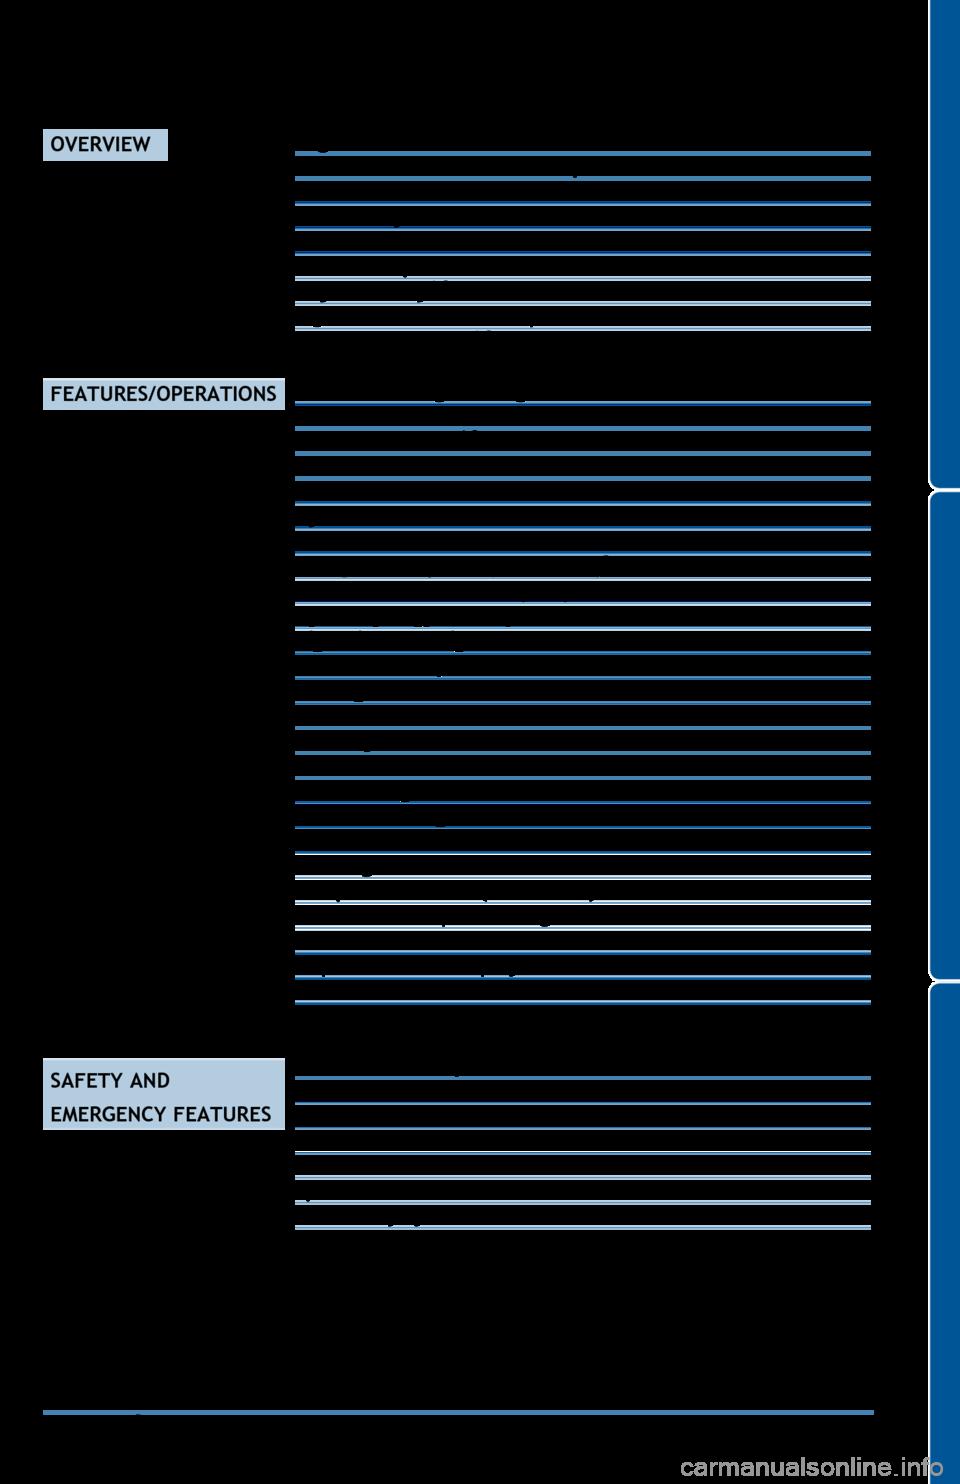 Toyota rav4 dashboard symbols choice image symbol and sign ideas toyota echo dashboard symbols image collections symbol and sign toyota prius v 2014 zvw40 1g quick buycottarizona
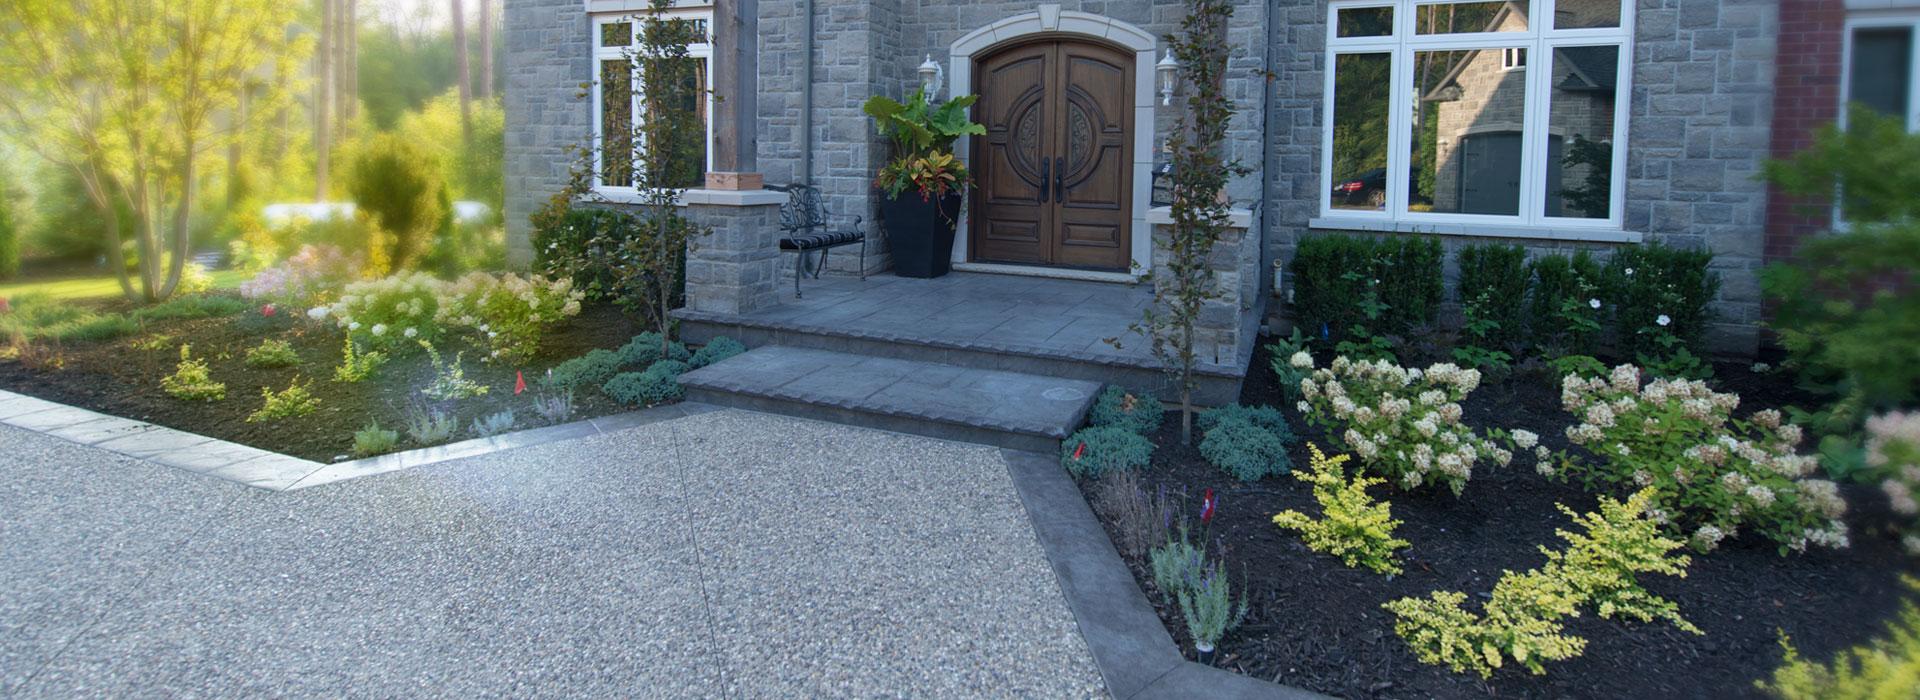 house-front-porch
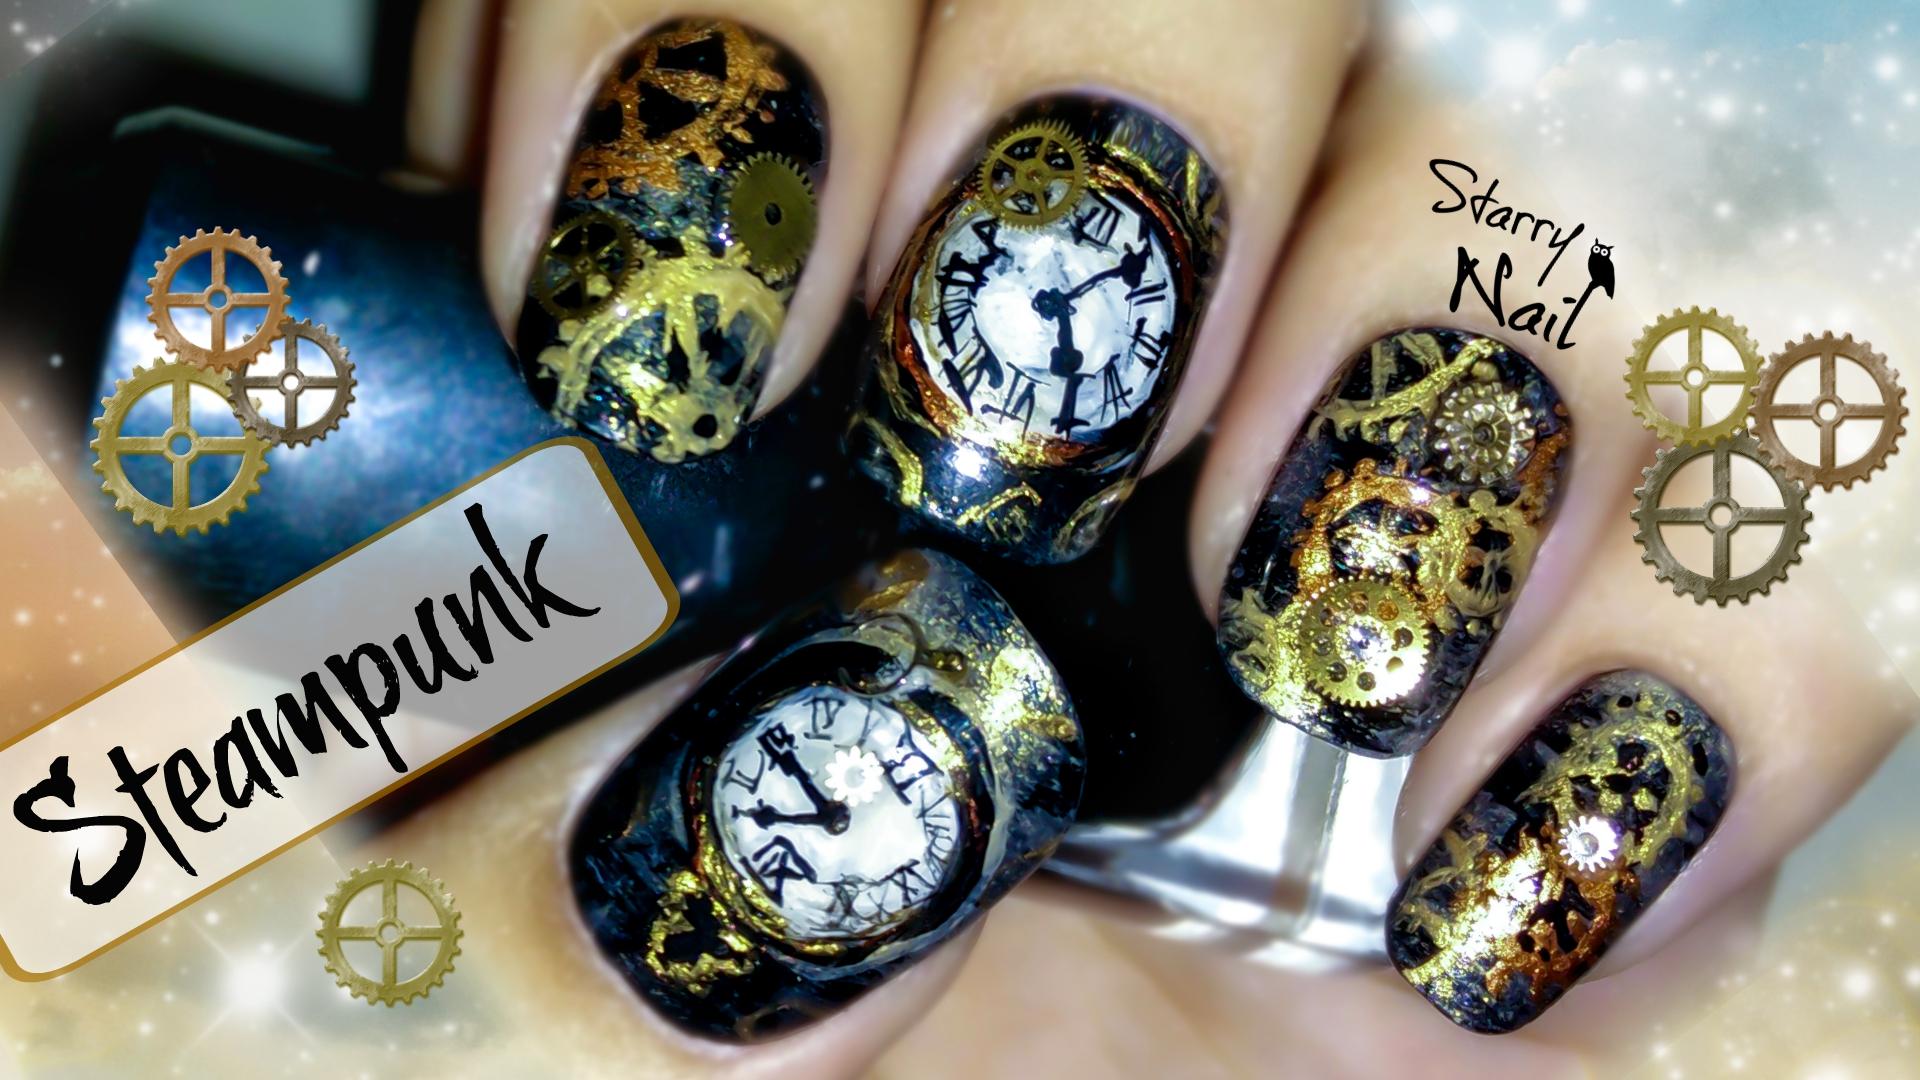 Steampunk nail art starrynail 30 july 2015 1920 1080 steampunk nail art prinsesfo Images

What the task requires:
Print each line of the material above exactly, with the pictures removed from your copy.

Solved problem:
 Toyota rav4 dashboard symbols choice image symbol and sign ideas toyota echo dashboard symbols image collections symbol and sign toyota prius v 2014 zvw40 1g quick buycottarizona
 house-front-porch
 Steampunk nail art starrynail 30 july 2015 1920 1080 steampunk nail art prinsesfo Images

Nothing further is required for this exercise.